-
Notifications
You must be signed in to change notification settings - Fork 79
Validation Framework
Validation framework is used to smoke test and validate PyTorch and Domain libraries on both CPU and GPU machines. Linux, Windows and MacOS (x86 and Apple Silicon) are supported. Following are the high level requirements for the validation framework:
- Support Linux, Windows and MacOS using ephemeral runners with only minimal dependencies installed
- Support CPU and GPU runners, with older Nvidia GPU driver to provide for backward compatibility tests (our CI runs on latest Nvidia Drivers)
- Execute on nightly basis
- Surface the result on HUD
- Cover all the Released Domain Libraries
- Follow same instructions as get started page for installation
- Cover nightly, test and release channel
- Use same matrix as PyTorch Core and Nova Project, so that after new build is introduced to PyTorch Core, it should become available for validation
- Smoke test that will cover PyTorch standalone or PyTorch with all Domain Libraries
Validation framework is used in two different ways:
-
Nightly Validation of PyTorch, TorchAudio, TorchVision as one ecosystem. Using same instructions as in get started page. These workflows are implemented in validate-binaries.yml and are used for nightly and release validation by PyTorchDev infra team.
-
Standalone Domain Library validation. Currently implemented for TorchText and TorchRec domain libraries. This is completely customized way of using validation framework and in theory this approach can be used to validate any project within PyTorch organization. Please see how to onboard to Validation Framework if you are interested in start using it.
-
Using validation framework to automate deployment and validation of Pytorch Getting Started page
Onboarding to validation framework is straight forward. You will need to create the following:
- New GitHub action workflow that will run the validation. This workflow should call validate-domain-library.yml workflow.
- New script that will perform installation of your package and smoke testing.
- Optional new GitHUb action workflow that will run validation on nightly basis.

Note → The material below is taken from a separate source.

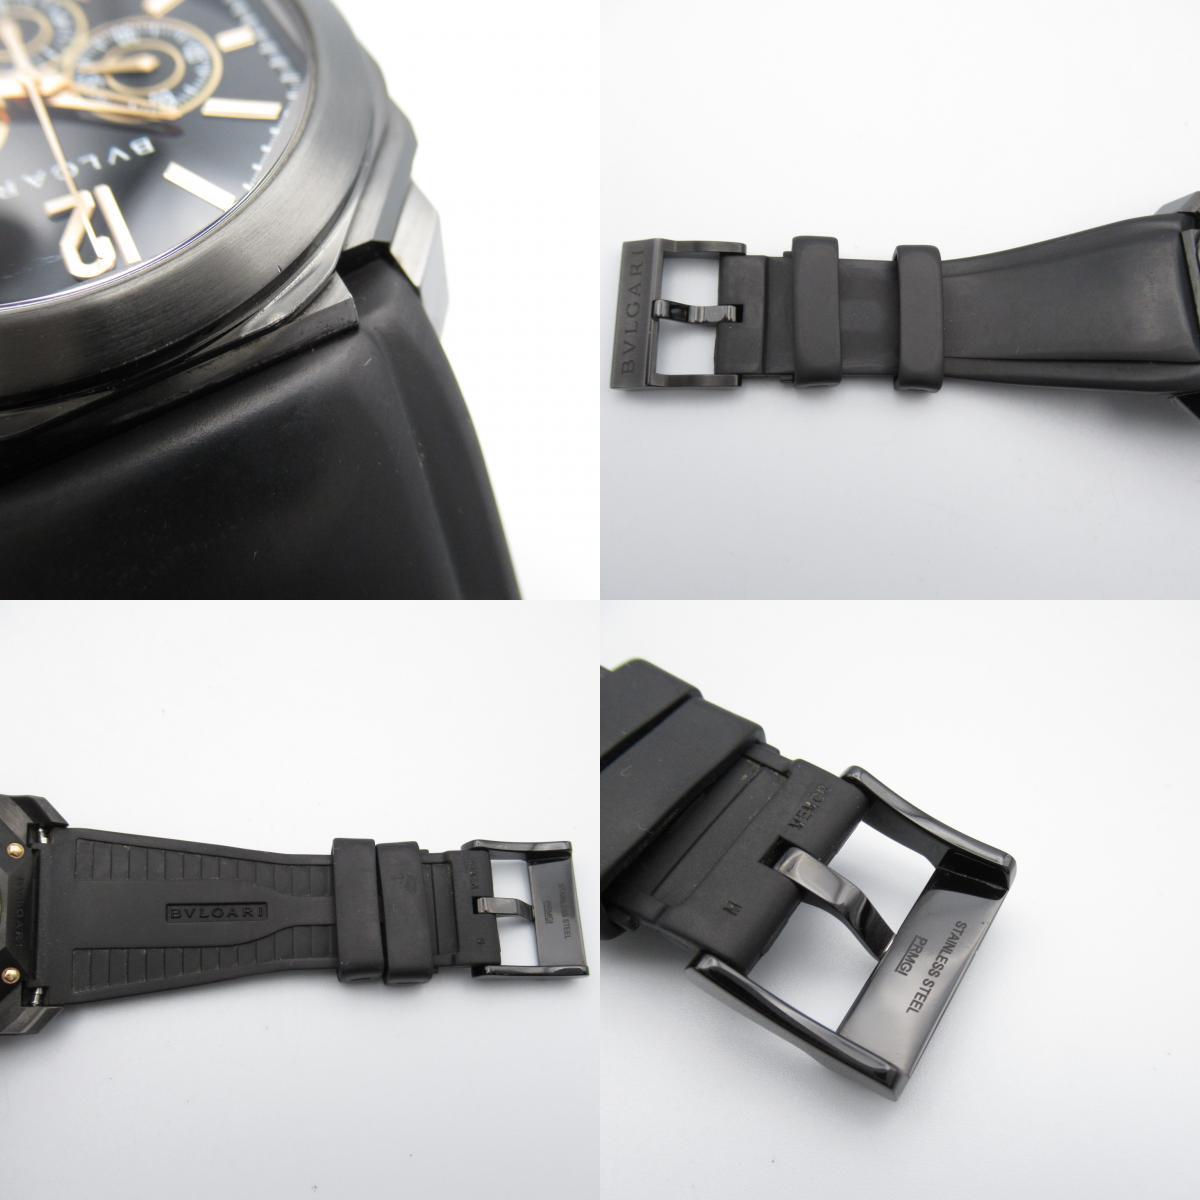  BVLGARY Okt Ultra Nero бренд off BVLGARI нержавеющая сталь наручные часы SS/ Raver б/у мужской

Following is the GitHub action workflow from TorchText repo:
name: Validate binaries
on:
workflow_call:
inputs:
channel:
description: "Channel to use (nightly, test, release, all)"
required: false
type: string
default: release
os:
description: "Operating system to generate for (linux, windows, macos, macos-arm64)"
required: true
type: string
ref:
description: "Reference to checkout, defaults to empty"
default: ""
required: false
type: string
workflow_dispatch:
inputs:
channel:
description: "Channel to use (nightly, test, release, all)"
required: true
type: choice
options:
- release
- nightly
- test
- all
os:
description: "Operating system to generate for (linux, windows, macos)"
required: true
type: choice
default: all
options:
- windows
- linux
- macos
- all
ref:
description: "Reference to checkout, defaults to empty"
default: ""
required: false
type: string
jobs:
validate-binaries:
uses: pytorch/test-infra/.github/workflows/validate-domain-library.yml@main
with:
package_type: "conda,wheel"
os: ${{ inputs.os }}
channel: ${{ inputs.channel }}
repository: "pytorch/text"
smoke_test: "source ./.github/scripts/validate_binaries.sh"
install_torch: true
Following inputs are currently supported.

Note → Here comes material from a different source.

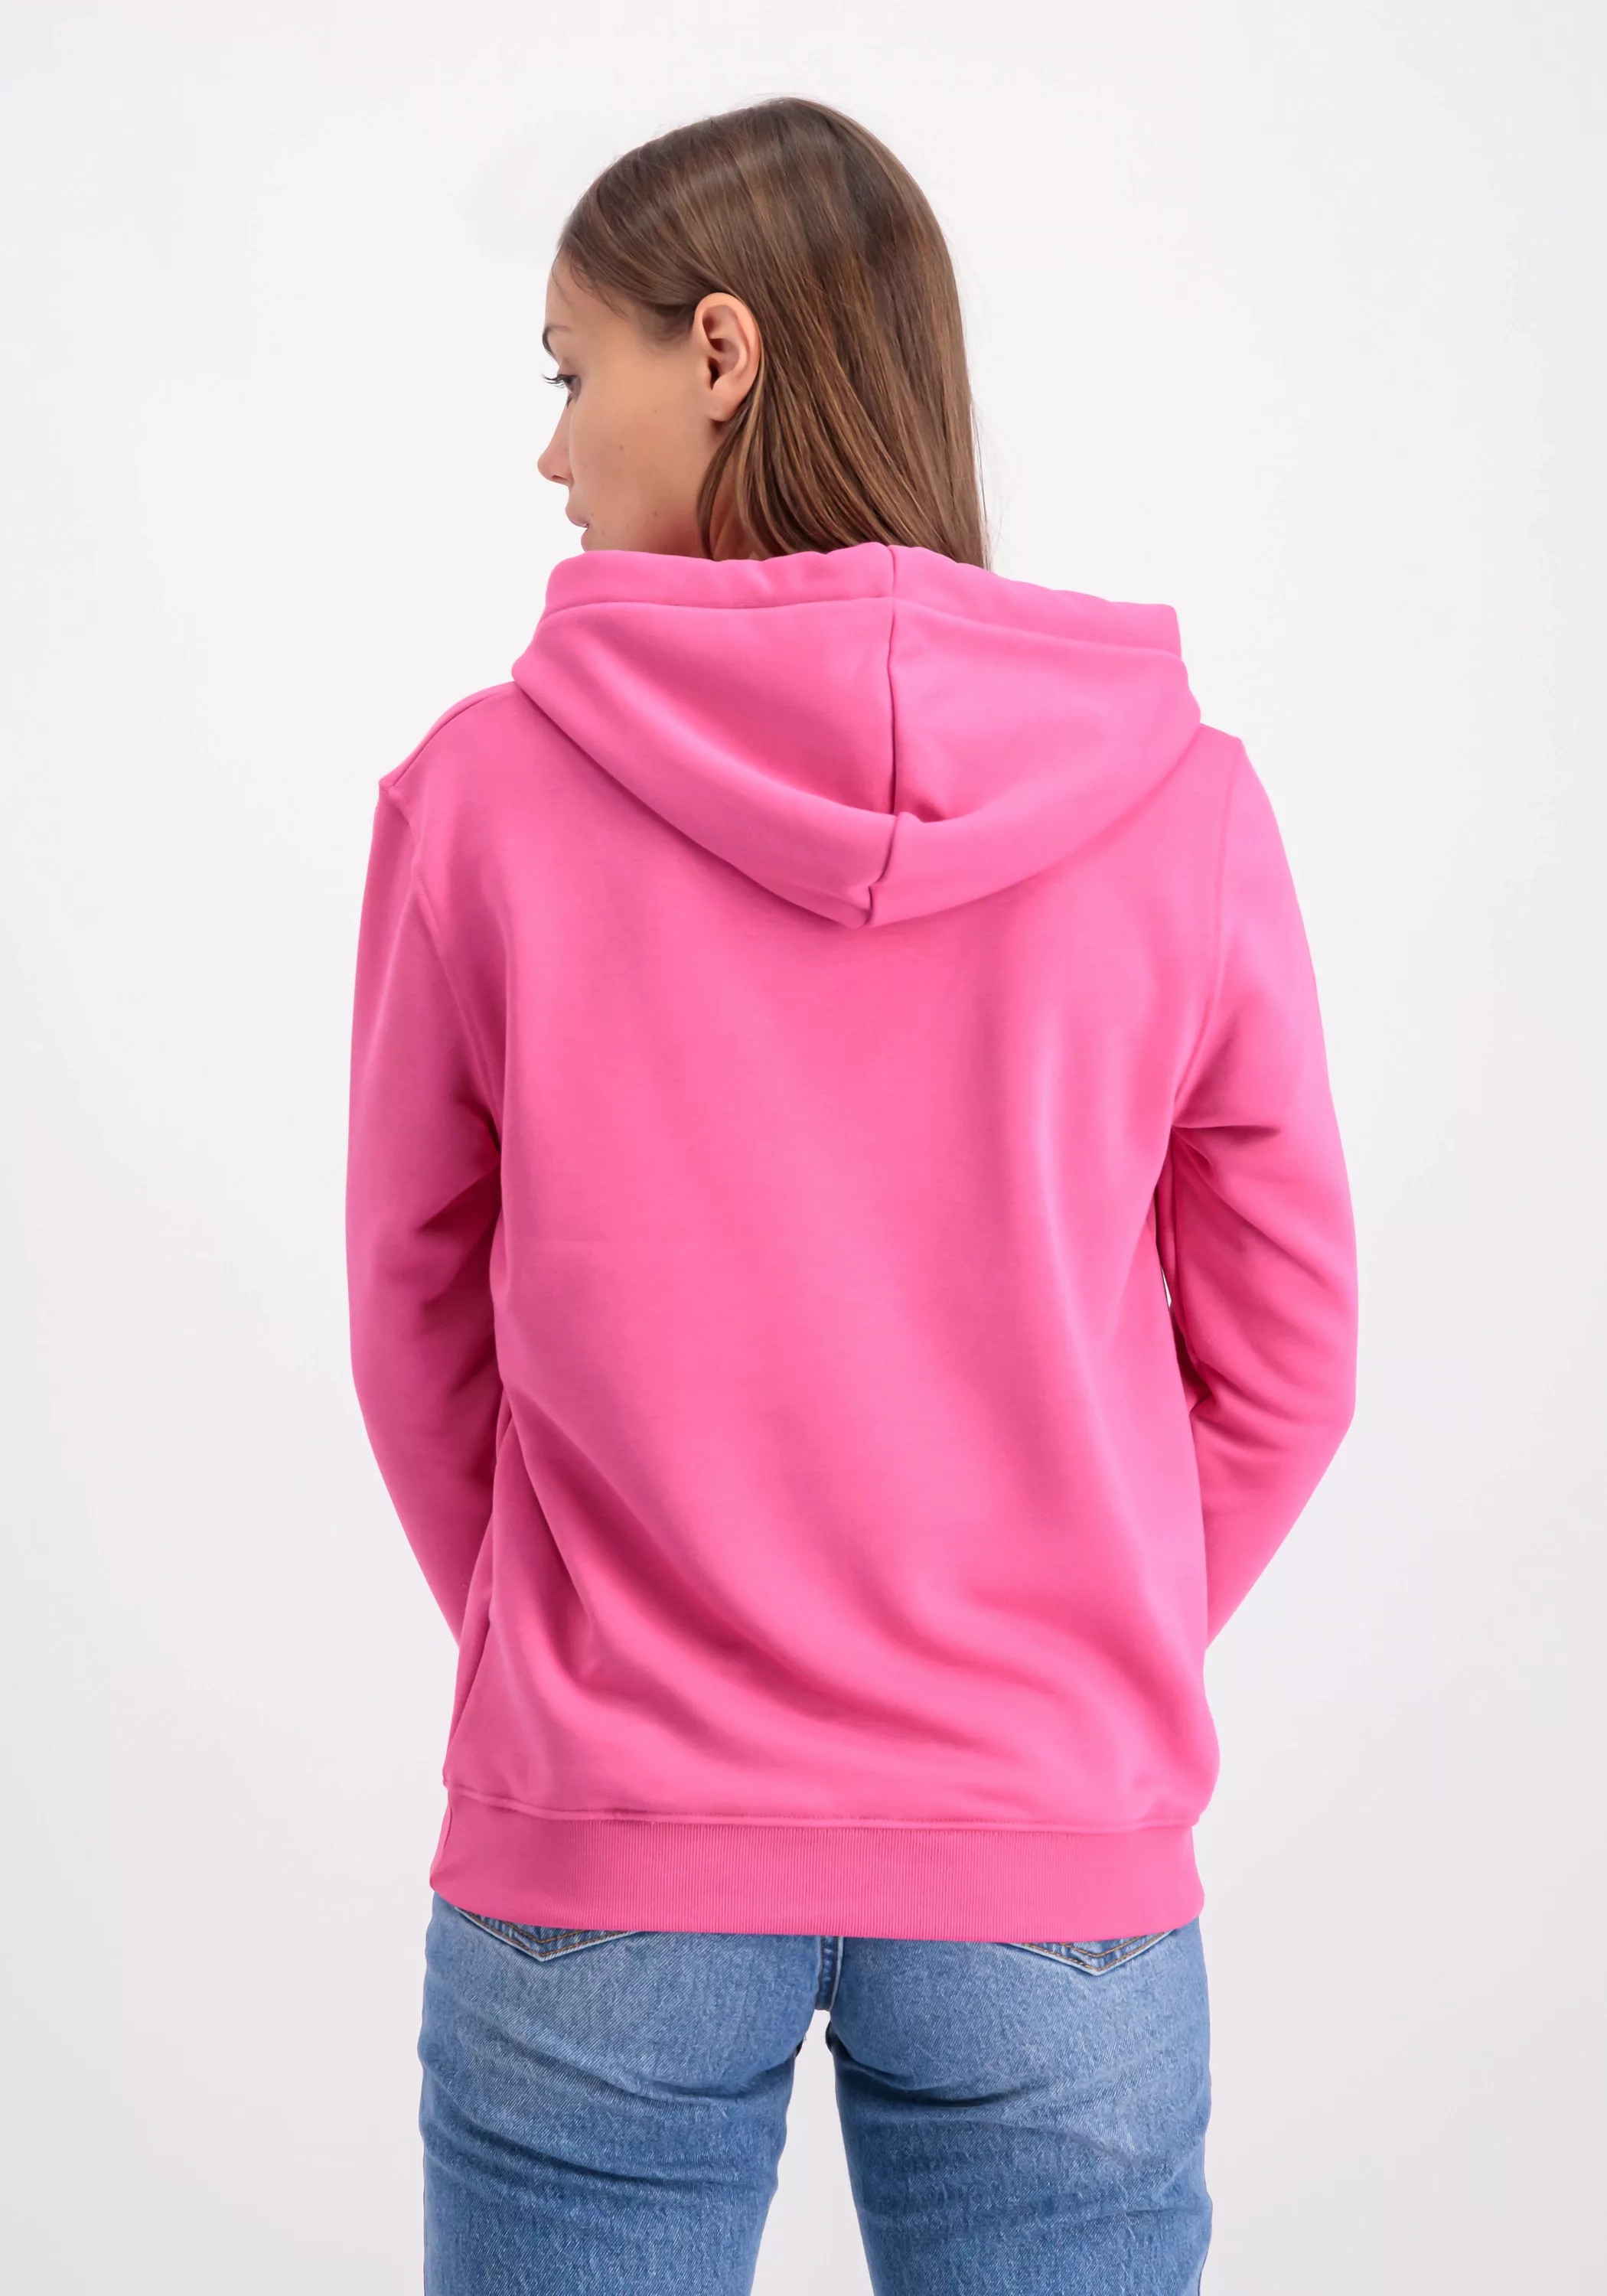 Alpha Industries Sweater "ALPHA INDUSTRIES Women - Sweatshirts New Basic Sw günstig online kaufen

package_type: This is package type that you intend to test. We support following package types: conda, wheel, libtorch, all
os: Operating System to run tests on. We support following: linux, windows, macos, macos-arm64
channel: Channel to use nightly, test, release
repository: Which repository you are calling validate workflow from
smoke_test: Script that should install the binary and perform validation. This is your local bash shell script.

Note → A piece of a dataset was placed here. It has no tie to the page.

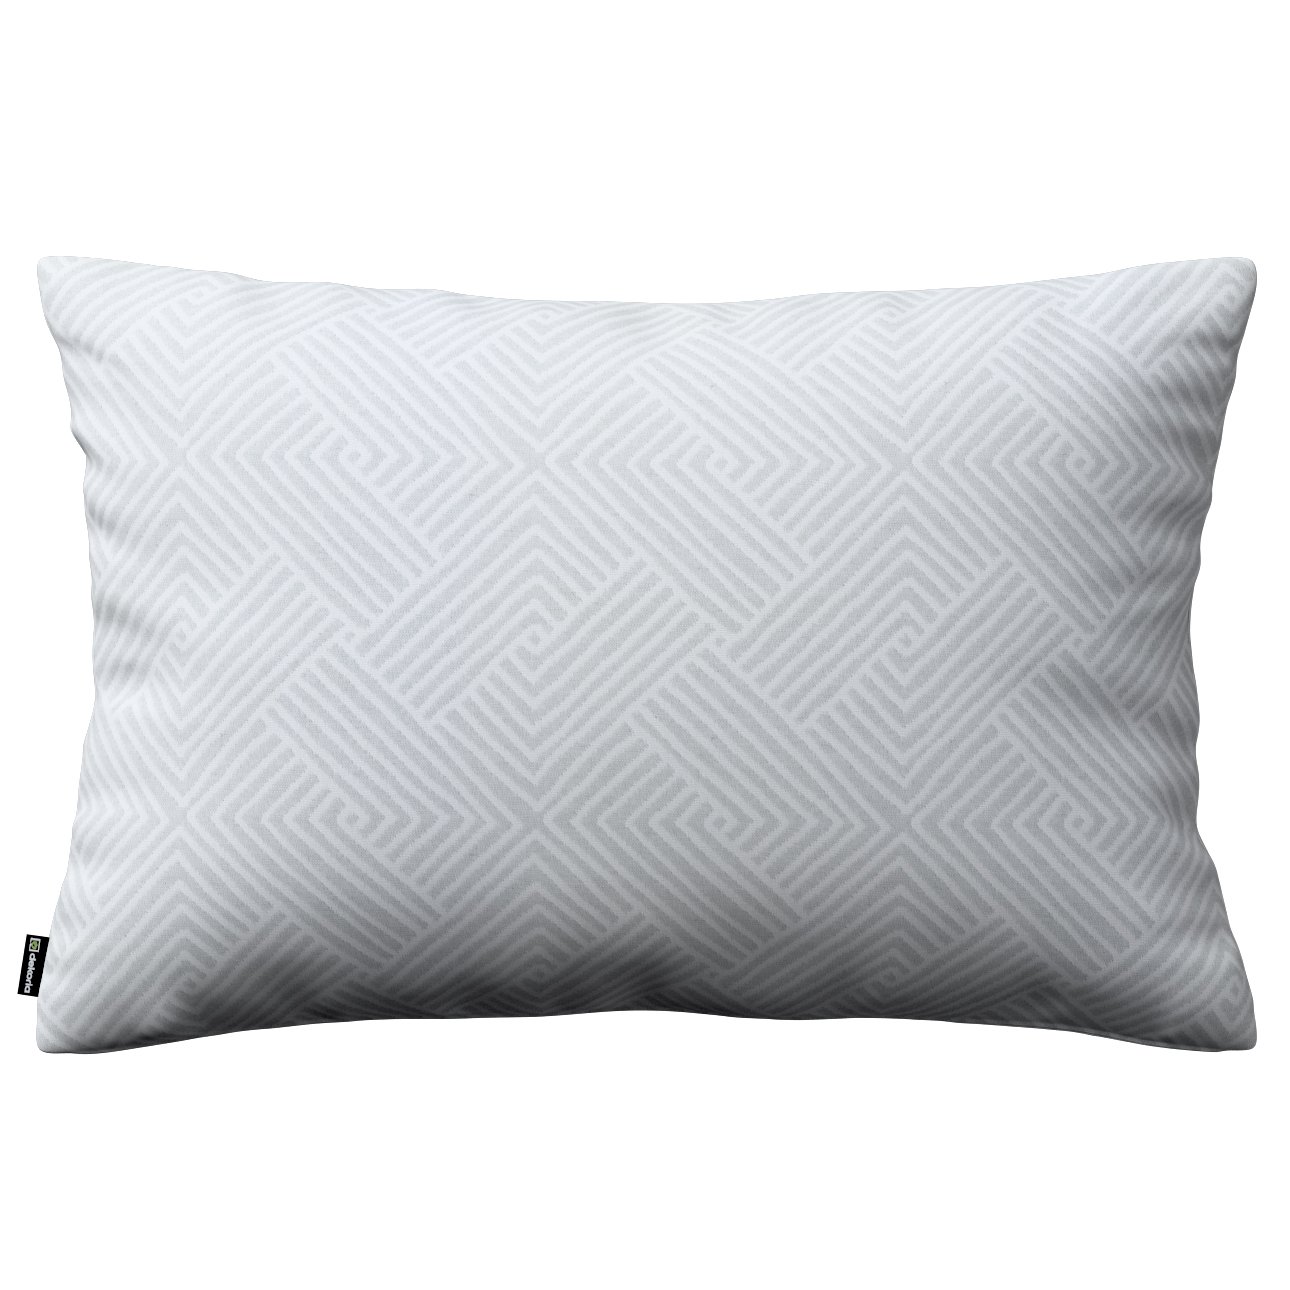 Dekoria Karin - jednoduchá obliečka, 60x40cm, sivo-biele geometrické vzory, 60 x 40 cm, Sunny, 143-43

with_cuda: enable/disable This is optional parameter to include cuda builds
install_torch: true/false . If set will preinstall torch based on matrix entry
Following is validate_binaries.sh from TorchText repo:
if [[ ${MATRIX_PACKAGE_TYPE} = "conda" ]]; then
conda install -y torchtext -c ${PYTORCH_CONDA_CHANNEL}
else
pip install ${PYTORCH_PIP_PREFIX} torchtext --extra-index-url ${PYTORCH_PIP_DOWNLOAD_URL}
fi
python ./test/smoke_tests/smoke_tests.py
Finally if you want to run the workflow on nightly basis add validate-nightly-binaries.yml workflow.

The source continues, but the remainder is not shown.